[Data items]
━━━━━━━━

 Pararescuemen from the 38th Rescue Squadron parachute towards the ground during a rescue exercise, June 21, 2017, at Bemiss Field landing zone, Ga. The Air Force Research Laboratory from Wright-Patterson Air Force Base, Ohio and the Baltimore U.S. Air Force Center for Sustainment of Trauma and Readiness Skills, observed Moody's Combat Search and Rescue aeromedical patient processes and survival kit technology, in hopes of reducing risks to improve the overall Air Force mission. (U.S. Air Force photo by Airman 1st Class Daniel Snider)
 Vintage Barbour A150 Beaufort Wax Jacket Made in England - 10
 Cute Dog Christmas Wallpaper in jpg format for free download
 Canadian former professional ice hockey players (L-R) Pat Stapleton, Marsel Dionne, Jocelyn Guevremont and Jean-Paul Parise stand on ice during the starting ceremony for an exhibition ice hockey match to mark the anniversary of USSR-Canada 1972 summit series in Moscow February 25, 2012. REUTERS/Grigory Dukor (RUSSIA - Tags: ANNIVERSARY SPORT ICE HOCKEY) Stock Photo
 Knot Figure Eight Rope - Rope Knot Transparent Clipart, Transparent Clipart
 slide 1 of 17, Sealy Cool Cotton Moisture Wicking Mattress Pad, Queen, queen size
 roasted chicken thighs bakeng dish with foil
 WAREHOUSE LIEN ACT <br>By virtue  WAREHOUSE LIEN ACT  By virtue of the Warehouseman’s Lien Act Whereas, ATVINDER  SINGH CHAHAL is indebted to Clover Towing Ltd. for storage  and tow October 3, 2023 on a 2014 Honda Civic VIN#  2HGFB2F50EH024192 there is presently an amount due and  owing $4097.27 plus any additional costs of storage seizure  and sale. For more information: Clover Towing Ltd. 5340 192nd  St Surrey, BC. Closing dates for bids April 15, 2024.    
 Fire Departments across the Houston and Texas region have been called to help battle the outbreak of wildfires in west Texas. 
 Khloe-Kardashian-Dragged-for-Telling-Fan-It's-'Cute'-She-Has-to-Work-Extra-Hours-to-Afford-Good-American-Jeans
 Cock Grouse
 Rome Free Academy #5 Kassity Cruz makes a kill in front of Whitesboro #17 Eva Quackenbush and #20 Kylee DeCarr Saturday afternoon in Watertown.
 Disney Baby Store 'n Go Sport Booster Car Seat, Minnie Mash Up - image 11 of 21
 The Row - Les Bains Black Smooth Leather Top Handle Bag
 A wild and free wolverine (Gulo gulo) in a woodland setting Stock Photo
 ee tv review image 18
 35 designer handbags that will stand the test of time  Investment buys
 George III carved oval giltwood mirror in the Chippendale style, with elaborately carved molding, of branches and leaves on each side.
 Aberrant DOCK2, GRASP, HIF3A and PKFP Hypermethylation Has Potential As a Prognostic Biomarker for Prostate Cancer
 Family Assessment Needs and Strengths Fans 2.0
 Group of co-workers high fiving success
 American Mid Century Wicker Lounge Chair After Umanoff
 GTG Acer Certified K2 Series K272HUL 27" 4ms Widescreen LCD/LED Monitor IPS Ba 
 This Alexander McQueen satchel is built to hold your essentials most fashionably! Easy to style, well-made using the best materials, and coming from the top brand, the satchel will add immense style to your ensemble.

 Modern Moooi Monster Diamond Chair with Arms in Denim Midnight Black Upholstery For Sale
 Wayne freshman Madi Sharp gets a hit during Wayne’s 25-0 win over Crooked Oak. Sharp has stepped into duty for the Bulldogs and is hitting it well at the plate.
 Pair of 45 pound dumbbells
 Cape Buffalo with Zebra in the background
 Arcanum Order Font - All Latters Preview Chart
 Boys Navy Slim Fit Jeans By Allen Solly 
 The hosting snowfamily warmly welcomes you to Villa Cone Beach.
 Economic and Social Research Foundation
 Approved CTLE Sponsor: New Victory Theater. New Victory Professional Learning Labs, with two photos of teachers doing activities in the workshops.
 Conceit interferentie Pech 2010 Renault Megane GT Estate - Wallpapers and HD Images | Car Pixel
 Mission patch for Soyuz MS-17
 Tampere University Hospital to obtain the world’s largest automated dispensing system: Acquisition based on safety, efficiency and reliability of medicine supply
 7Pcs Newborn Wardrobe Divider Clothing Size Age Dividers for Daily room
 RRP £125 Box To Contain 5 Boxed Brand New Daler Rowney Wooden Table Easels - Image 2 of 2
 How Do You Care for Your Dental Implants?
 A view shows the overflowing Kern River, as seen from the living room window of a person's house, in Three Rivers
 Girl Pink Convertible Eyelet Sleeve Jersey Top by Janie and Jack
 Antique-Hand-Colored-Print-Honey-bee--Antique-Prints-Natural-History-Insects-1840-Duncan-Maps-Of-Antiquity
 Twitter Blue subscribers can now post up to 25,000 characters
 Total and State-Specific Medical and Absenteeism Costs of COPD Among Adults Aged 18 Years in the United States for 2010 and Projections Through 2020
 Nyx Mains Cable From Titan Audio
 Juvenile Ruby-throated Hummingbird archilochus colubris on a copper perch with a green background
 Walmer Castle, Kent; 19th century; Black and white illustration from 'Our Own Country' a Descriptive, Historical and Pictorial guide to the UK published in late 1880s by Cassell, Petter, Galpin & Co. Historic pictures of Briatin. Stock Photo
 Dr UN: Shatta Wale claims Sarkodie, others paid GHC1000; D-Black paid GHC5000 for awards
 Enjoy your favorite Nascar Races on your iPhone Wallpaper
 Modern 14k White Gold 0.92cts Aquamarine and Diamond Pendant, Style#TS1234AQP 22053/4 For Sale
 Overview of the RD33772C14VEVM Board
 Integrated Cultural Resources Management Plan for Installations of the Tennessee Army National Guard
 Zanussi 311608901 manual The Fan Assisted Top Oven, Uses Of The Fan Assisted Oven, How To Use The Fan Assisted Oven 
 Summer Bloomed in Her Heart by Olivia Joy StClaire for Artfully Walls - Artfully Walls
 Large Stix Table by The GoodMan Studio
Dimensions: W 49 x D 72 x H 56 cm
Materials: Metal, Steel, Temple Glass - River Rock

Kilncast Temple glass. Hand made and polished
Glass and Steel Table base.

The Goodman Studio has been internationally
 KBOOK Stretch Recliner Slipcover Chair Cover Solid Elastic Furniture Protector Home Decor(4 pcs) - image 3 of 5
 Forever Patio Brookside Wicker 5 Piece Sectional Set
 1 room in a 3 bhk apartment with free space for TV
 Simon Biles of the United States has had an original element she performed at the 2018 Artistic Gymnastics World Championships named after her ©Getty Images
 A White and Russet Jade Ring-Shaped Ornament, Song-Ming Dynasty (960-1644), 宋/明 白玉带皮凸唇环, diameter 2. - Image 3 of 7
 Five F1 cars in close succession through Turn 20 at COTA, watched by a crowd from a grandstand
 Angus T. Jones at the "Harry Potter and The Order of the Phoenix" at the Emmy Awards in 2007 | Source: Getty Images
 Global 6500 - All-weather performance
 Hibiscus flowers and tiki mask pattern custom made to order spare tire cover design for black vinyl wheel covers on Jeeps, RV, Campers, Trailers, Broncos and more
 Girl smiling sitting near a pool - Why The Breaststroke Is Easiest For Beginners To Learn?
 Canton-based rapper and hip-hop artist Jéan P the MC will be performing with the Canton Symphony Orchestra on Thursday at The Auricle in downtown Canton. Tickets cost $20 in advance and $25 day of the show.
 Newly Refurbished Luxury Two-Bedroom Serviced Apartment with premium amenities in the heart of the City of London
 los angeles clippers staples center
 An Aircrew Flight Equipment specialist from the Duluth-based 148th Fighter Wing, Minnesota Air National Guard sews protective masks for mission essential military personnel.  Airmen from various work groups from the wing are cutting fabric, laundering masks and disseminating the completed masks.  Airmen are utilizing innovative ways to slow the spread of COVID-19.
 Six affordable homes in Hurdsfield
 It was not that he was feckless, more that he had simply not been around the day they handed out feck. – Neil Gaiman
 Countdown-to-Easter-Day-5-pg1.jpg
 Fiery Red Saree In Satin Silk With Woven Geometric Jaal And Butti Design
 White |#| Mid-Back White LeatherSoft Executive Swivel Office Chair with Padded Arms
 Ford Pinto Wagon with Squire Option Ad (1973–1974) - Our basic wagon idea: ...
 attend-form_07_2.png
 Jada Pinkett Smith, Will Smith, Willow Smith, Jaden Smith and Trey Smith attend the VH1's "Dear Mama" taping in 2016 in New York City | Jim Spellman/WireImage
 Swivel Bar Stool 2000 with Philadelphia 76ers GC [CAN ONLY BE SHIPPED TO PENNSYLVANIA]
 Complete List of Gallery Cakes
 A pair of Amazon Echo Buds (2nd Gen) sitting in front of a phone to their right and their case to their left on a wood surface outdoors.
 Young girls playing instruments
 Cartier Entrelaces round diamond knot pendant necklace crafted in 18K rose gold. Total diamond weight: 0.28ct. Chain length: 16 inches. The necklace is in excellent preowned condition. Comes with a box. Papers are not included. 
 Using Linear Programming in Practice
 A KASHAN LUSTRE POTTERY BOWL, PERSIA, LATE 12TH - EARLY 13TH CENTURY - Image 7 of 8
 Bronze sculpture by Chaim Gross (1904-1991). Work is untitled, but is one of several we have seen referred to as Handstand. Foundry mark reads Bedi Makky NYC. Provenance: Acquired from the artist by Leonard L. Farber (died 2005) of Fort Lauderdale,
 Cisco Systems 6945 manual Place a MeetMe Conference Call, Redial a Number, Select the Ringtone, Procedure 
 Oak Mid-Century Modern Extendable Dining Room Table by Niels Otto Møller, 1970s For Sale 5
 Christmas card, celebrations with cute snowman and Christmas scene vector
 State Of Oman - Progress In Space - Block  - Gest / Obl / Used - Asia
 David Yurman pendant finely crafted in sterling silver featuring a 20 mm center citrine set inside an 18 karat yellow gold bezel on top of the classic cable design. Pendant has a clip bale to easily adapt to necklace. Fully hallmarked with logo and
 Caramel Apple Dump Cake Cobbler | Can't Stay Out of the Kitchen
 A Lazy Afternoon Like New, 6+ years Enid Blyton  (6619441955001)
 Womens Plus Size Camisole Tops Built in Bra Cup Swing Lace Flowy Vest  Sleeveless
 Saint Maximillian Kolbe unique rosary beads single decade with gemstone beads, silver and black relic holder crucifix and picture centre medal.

━━━━━━━━

EXERCISE GOAL: The answer must consist of every line from the data that contains the word "Christmas".

SOLVED EXERCISE:
 Cute Dog Christmas Wallpaper in jpg format for free download
 Christmas card, celebrations with cute snowman and Christmas scene vector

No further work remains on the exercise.